Oct 10, 2013, 6:06 PM 0

Anyone who has played, or at least heard of, Chess 960 (aka Fischer Random) has probably wondered where the 960 comes from. The 960 actually refers to the number of possible starting positions that one can have in Chess 960 (one of which is the same starting position in standard chess). In this blog, I will give a detailed mathematical proof that there are 960 unique starting positions in Chess 960. I will try to make this very easy for all people to understand.

First, a little mathematical background knowledge is required. One who is familiar with all of these mathematical concepts and does not want to be bothered by reading this math stuff again should skip to the last proof in this blog. Let n be a whole number (a nonnegative integer such as 0, 1, 2, 3, ...). Then n!, called "n factorial", is defined by

n!=n*(n-1)*(n-2)*...*1.

So, for example, 5!=5*4*3*2*1=120 and 4!=4*3*2*1=24. Note that for any natural number n (a whole number that is nonzero):

n!=n*(n-1)*(n-2)*...*1=n*[(n-1)(n-2)*...*1]=n*(n-1)!

This leads us to our next claim. Since 1!=1 trivially, but 0! cannot be calculated directly from the definition, we now claim that 0!=1 using the fact that 1!=1 and 1!=1*0!.

Proof: 1!=1 and 1!=1*0!=0!since any number that is multiplied by 1 does not change. Substituting1!=0! into the first equation for 1! yields

0!=1 Q.E.D.

So the factorial is defined for all whole numbers n. However, it is not defined for negative integers. One quick justification of this: 0!=1 and 0!=0*(-1)!, which implies that 1=0*(-1)!=0, which is absurd. So we cannot define the factorial for -1 or any other negative integer.

Now that we have some knowledge about factorials, can use start to discuss permutations and combinations. First, let's say that there is a set of n distinct objects, and we wish to pick r objects from this set in a specific order, where 0<=r<=n. Then we have n choices for the first object, n-1 choices for the second object, n-2 choices for the third object, ..., and n-(r-1)=n-r+1 choices for the rth object. The total number of possibilities is

nPr=n*(n-1)*(n-2)*...*(n-r+1)

=[n*(n-1)*(n-2)*...*(n-r+1)*(n-r)*(n-r-1)*...*1]/[(n-r)*(n-r-1)*...*1]

=n!/(n-r)!

Note that when r=0, nPr=n!/(n-r)!=n!/(n-0)!=n!/n!=1

and when r=n, nPr=n!/(n-r)!=n!/(n-n)!=n!/0!=n!/1=n!.

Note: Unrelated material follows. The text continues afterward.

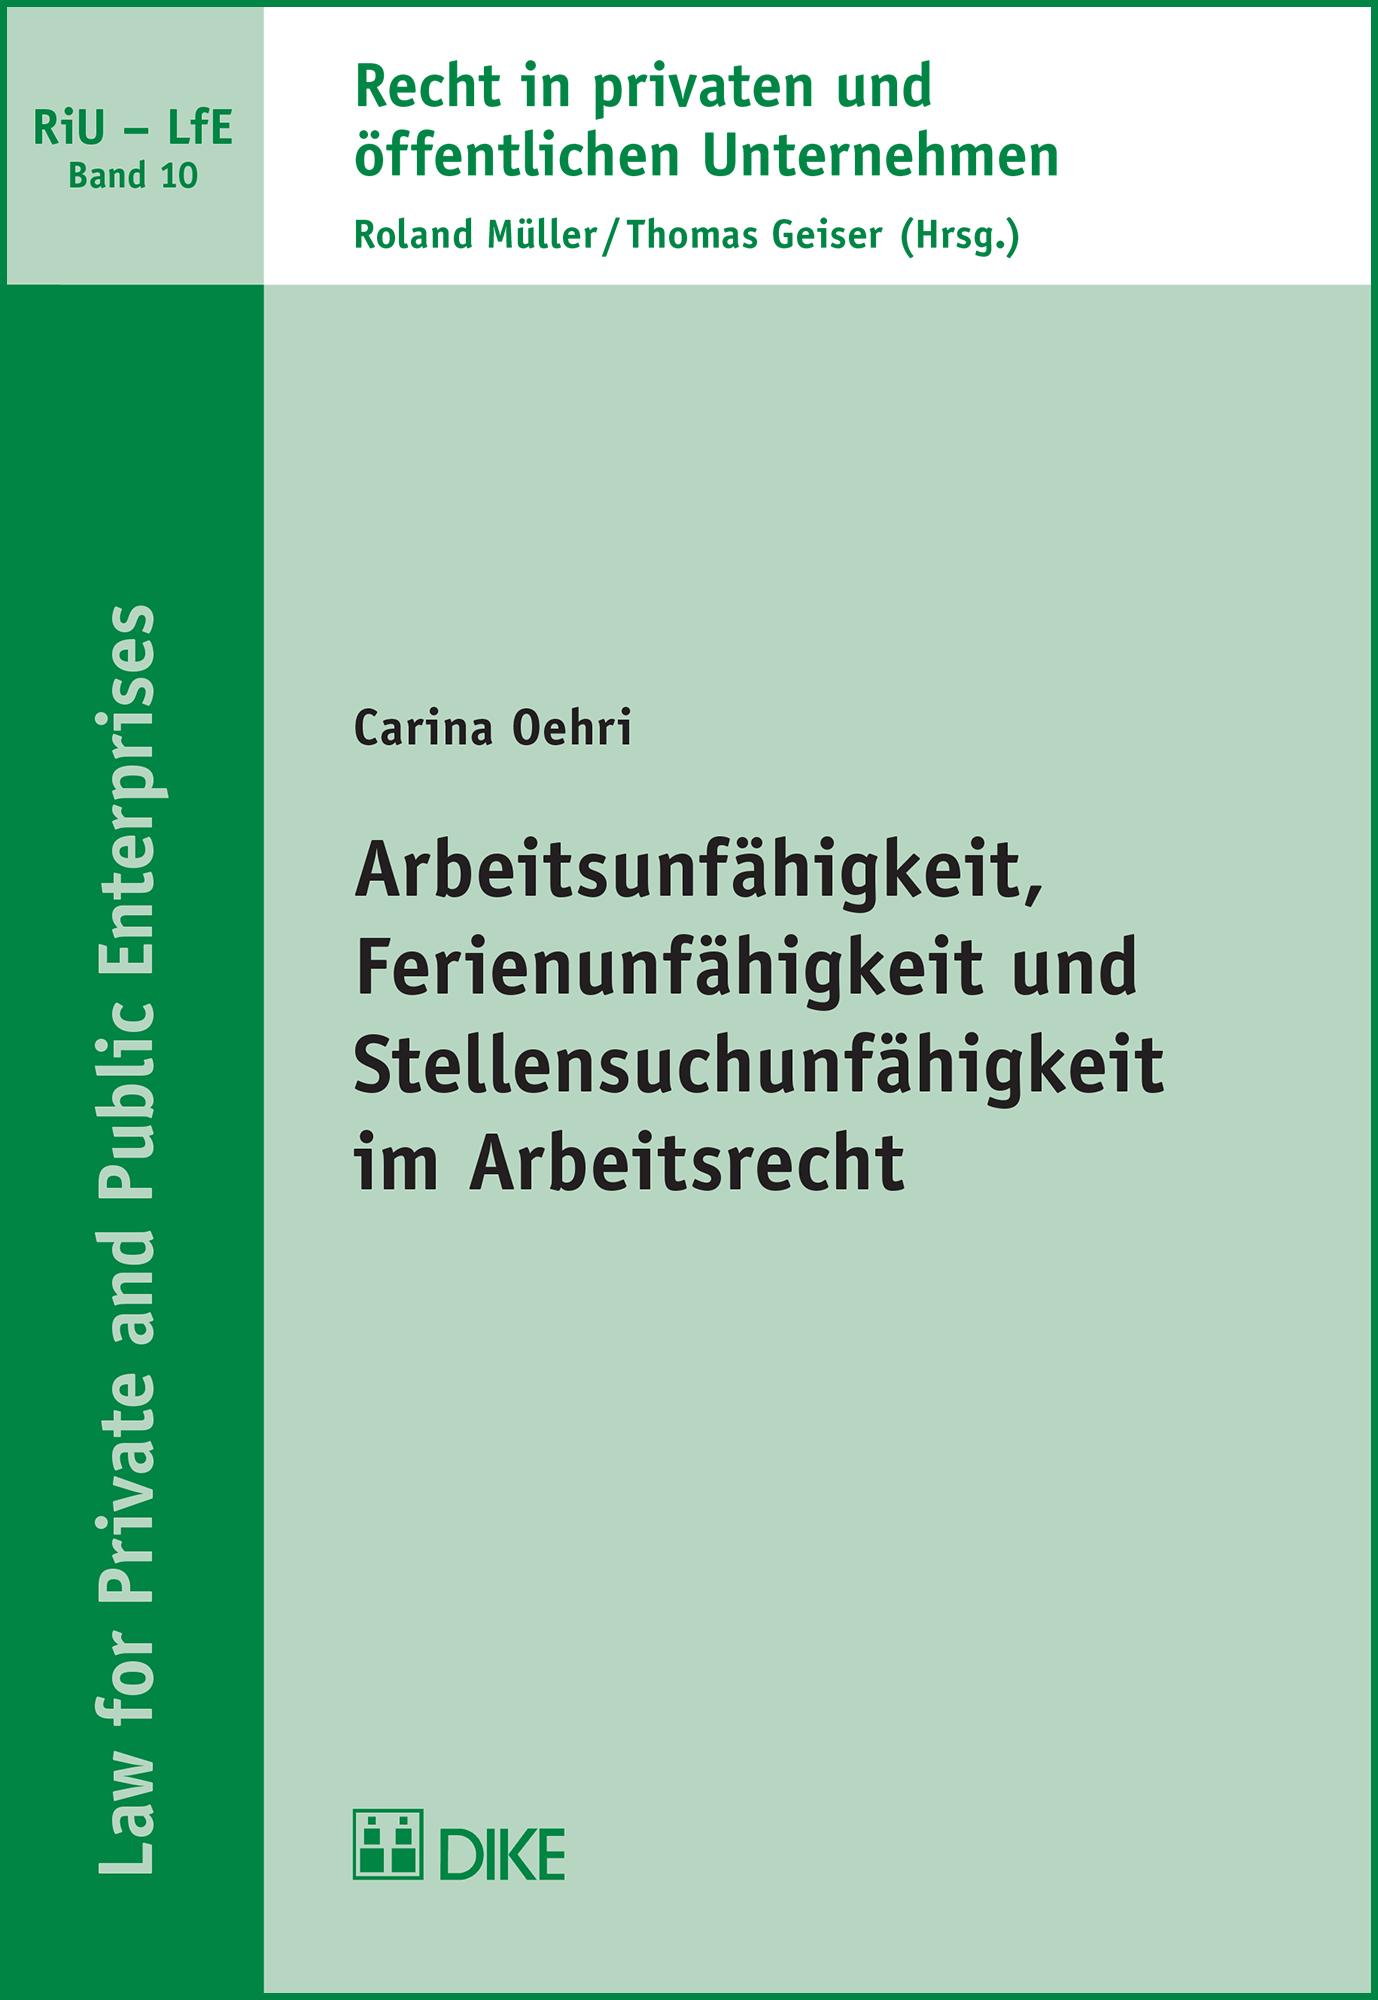 Arbeitsunfähigkeit, Ferienunfähigkeit und Stellensuchunfähigkeit im Arbeitsrecht
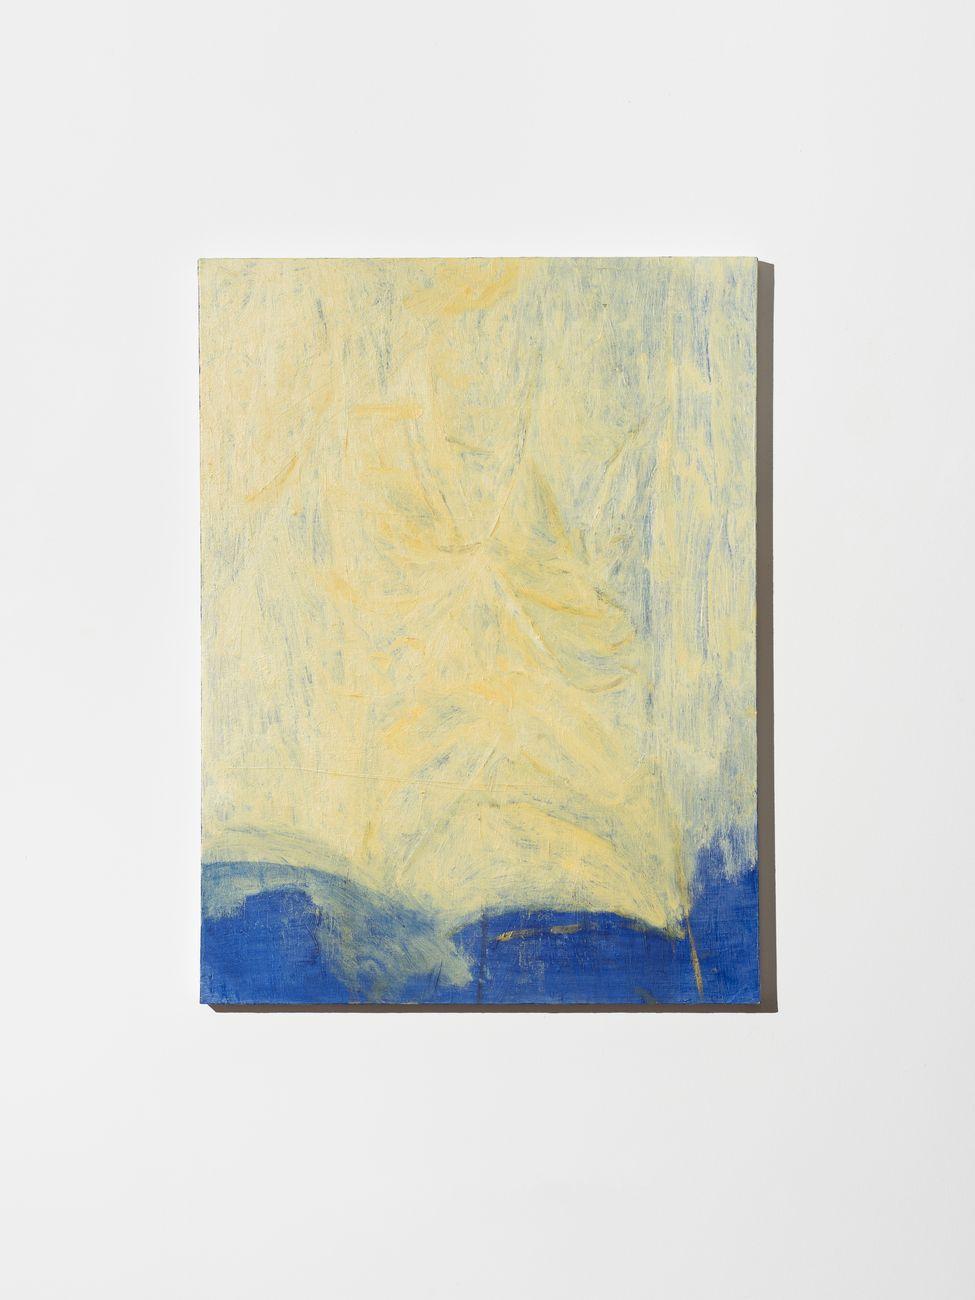 Lorenzo Di Lucido, Tavola di Grizzana, 2017, olio su tela, 80x60 cm. Courtesy Cosimo Filippini

The number nPr is called a falling factorial, and it refers to the total number of permutations of n objects taken r at a time. What the two above results mean is that there is exactly one way to choose 0 objects from a set of n objects, and that there are n! ways to choose all n objects from a set of n objects if order matters. Speaking about order, we shall now discuss the number of ways to order r distinct objects. If we have r distinct objects that we wish to arrange in order, then we have r choices for the first placement, r-1 choices for the second, r-2 choices for the third, ..., and 1 choice for the rth placement. So the total number of ways to arrange r distinct objects is

r*(r-1)*(r-2)*...*1=r!

Now that we know how to count the number of ways to pick r objects from a set of n distinct objects where order matters, we discuss the number of ways to pick r objects from a set of n distinct objects where order does not matter. Let C denote this number. Then the number of ways to pick r objects from a set of n distinct objects where order matters (nPr) should be equal to the number of ways to pick r objects from a set of n distinct objects where order does not matter (C) multiplied by the number of ways to arrange the r objects (r!). So we have

nPr=C*r!

C=nPr/r!=[ n!/(n-r)!]/r!=n!/[(n-r)!r!]

This number C we will now refer to as nCr, called "n choose r". It refers to the total number of combinations of n objects taken r at a time. For this reason, nCr is sometimes called a combination number, but its more common name is a binomial coefficient, as it plays a central role in the Binomial Theorem. The Binomial Theorem is outside the scope of this blog, but one can read more about it here.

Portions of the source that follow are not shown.